Re: Understanding WMI coding



Javan wrote:
Some short background. I took one semister of basic and C++ in school.
(classes taken in 94-95 just basic not VB and just C++ not Visual C++)
[...]
Set objShell = CreateObject("WScript.Shell")
variable=objShell.RegRead("registrykey")

Only having one semester of C++, they probably didn't cover any (or only
very few) object oriented techniques. (BTW, Visual C++ is just a
development environment, compiler, and debugger, not a different language)

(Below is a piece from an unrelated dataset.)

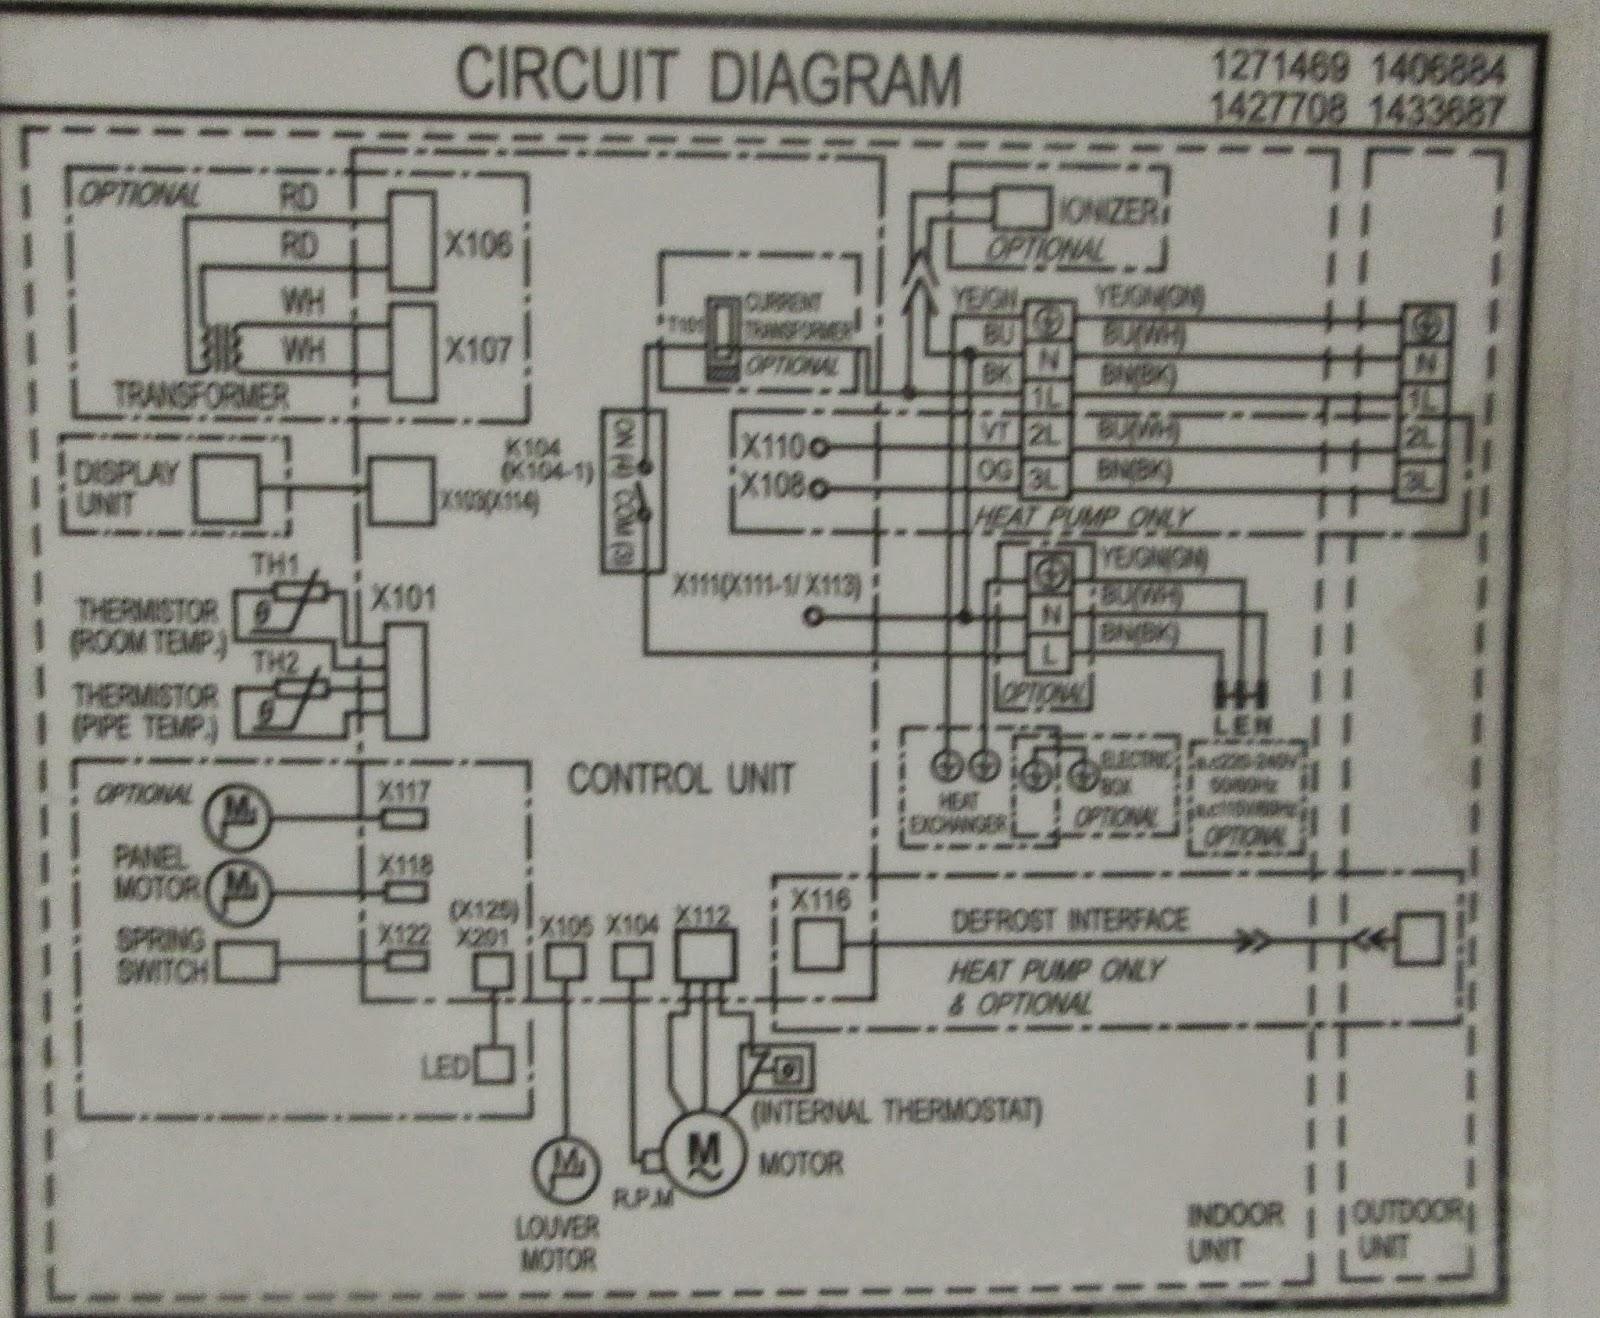 Wiring diagram kelistrikan ac split 123wiringdiagramine wiring diagram modul ac split wiring diagram with cheapraybanclubmaster Gallery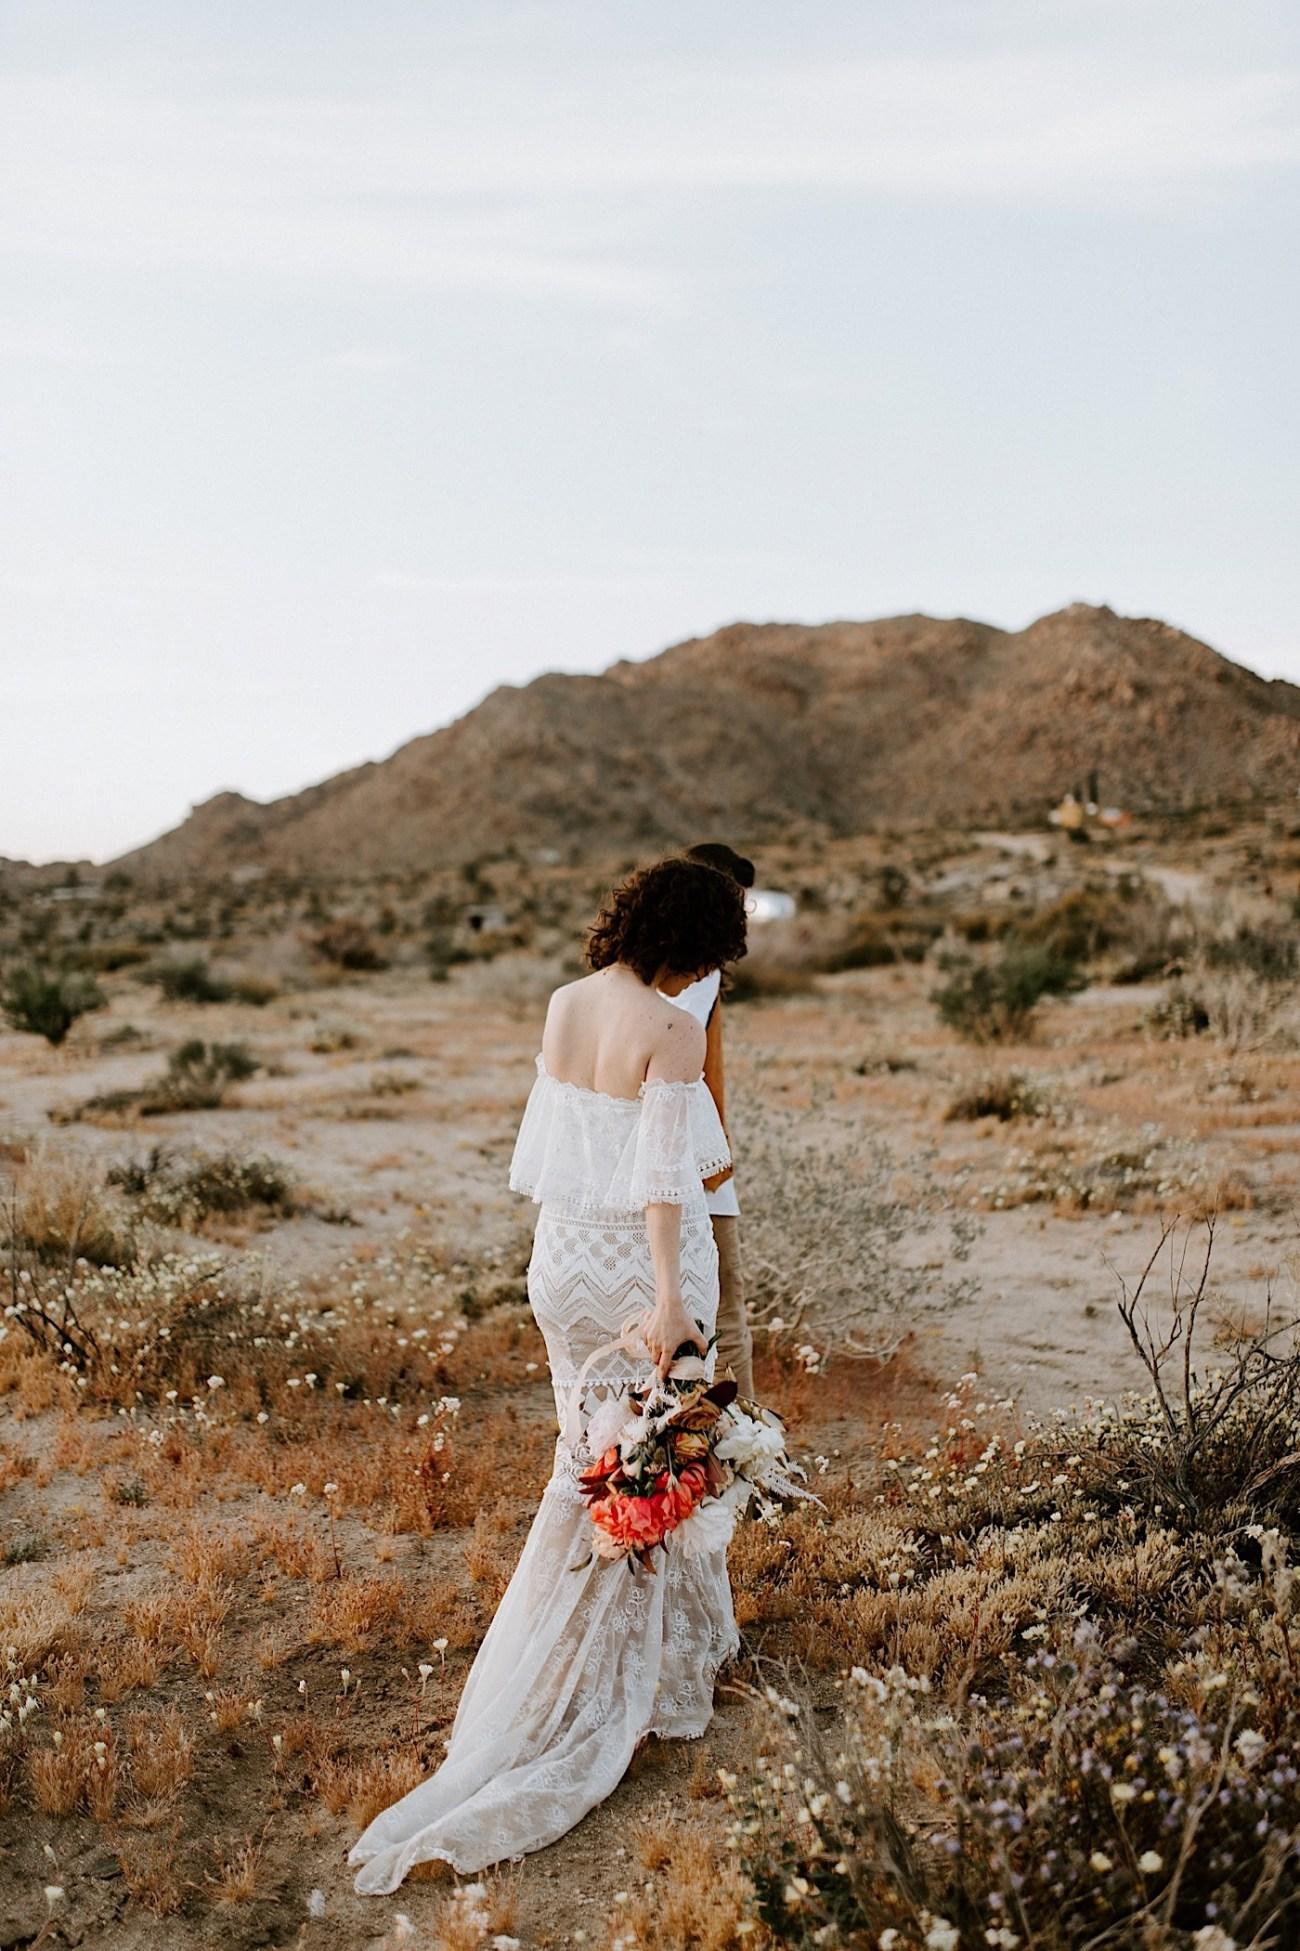 Joshua Tree Elopement, Joshua Tree Wedding Photographer, Palm Springs Wedding Photographer, Anais Possamai Photography

If they covered structs in your C++ class but failed to mention classes
then take heart, a class (which you instantiate as an object) is nearly
the same except member vars can have multiple types and classes have
methods or member functions. There are scoping and typing differences
too, but we're already far enough off topic :)

So, in the above two lines of code, "objShell" is NOT a variable. It is
an object or instance of the Shell class. "RegRead" just happens to be
one method (out of many) in the "Shell" class; you can think of it as a
function if you wish but ppl will wonder ;) You can think of each
instance of an object as it's own namespace. Consider that
objShell.RegRead() is just a function with a String type argument that
returns a String (but you must use RegRead because the "variable" that
it reads inside objShell is private and you can't read it directly)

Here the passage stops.